Data records:

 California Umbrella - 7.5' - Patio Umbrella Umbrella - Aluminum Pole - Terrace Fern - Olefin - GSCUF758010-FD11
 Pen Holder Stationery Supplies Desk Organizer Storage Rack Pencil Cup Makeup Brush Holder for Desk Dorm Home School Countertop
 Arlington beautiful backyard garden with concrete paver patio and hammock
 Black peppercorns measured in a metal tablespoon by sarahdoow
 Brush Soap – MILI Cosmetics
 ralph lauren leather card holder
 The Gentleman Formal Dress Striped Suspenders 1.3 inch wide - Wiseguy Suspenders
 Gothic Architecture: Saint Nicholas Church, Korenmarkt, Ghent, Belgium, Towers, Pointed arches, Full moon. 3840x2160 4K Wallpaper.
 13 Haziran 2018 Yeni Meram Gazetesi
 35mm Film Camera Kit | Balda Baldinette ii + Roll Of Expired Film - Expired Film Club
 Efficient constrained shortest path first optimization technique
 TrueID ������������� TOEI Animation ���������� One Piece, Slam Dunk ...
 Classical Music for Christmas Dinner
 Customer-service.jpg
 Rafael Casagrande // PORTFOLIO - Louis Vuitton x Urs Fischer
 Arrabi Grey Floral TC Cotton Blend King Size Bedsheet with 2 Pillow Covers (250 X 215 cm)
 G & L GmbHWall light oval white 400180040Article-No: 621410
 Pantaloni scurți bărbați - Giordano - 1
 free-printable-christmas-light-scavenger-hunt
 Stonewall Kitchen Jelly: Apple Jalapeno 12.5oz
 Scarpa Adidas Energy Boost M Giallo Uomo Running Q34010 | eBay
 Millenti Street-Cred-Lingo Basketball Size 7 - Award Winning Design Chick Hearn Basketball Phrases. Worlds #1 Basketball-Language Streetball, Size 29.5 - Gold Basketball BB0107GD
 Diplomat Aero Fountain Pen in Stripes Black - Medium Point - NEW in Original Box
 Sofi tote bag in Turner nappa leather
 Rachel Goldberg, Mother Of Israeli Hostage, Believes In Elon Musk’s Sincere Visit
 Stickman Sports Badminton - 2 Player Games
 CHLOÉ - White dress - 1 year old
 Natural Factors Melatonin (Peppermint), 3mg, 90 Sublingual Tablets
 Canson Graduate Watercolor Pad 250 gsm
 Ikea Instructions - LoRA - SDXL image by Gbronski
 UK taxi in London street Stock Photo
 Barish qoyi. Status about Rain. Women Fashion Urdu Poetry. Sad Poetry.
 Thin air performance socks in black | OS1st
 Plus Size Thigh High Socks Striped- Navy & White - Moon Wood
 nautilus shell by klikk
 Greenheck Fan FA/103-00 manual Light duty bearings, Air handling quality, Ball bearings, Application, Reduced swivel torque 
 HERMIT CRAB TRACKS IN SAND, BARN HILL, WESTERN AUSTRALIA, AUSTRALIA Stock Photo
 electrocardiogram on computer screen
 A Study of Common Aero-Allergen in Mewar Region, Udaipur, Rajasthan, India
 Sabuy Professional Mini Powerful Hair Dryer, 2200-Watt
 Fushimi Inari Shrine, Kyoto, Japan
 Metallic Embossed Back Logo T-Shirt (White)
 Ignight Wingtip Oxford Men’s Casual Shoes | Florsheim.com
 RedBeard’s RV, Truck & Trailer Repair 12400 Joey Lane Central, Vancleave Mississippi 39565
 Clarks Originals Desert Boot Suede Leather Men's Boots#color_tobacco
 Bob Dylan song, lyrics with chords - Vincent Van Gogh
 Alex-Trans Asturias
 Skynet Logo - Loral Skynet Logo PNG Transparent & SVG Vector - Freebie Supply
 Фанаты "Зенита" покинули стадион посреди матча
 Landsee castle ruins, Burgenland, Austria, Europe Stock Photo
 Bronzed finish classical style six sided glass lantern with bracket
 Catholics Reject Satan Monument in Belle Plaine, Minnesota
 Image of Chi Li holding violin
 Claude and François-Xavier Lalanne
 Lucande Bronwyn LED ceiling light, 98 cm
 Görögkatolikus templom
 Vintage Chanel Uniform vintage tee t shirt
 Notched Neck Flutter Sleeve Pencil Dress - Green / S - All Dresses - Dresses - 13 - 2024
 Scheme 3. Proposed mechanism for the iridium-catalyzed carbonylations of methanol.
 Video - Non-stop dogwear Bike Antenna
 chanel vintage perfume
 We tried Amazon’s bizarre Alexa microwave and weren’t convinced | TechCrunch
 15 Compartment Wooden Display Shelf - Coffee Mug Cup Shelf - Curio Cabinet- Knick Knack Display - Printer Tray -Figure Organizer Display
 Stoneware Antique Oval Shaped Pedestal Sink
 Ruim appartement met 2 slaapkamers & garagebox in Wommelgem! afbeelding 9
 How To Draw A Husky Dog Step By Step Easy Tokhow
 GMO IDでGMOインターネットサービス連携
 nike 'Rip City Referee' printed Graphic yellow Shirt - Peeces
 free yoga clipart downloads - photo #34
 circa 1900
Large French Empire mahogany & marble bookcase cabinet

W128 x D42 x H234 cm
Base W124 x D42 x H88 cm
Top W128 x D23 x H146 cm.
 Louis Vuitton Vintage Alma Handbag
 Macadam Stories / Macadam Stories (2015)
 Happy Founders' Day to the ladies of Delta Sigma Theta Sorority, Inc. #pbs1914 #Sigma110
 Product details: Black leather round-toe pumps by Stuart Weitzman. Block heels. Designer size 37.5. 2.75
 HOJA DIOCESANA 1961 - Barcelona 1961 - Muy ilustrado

WHAT THE TASK REQUIRES → Your answer must consist solely of the lines above between the line holding "Bob Dylan song, lyrics" and the line holding "Landsee castle ruins, Burgenland, Austria, Europe", inclusive, copied exactly.

REPLY →
 Bob Dylan song, lyrics with chords - Vincent Van Gogh
 Alex-Trans Asturias
 Skynet Logo - Loral Skynet Logo PNG Transparent & SVG Vector - Freebie Supply
 Фанаты "Зенита" покинули стадион посреди матча
 Landsee castle ruins, Burgenland, Austria, Europe Stock Photo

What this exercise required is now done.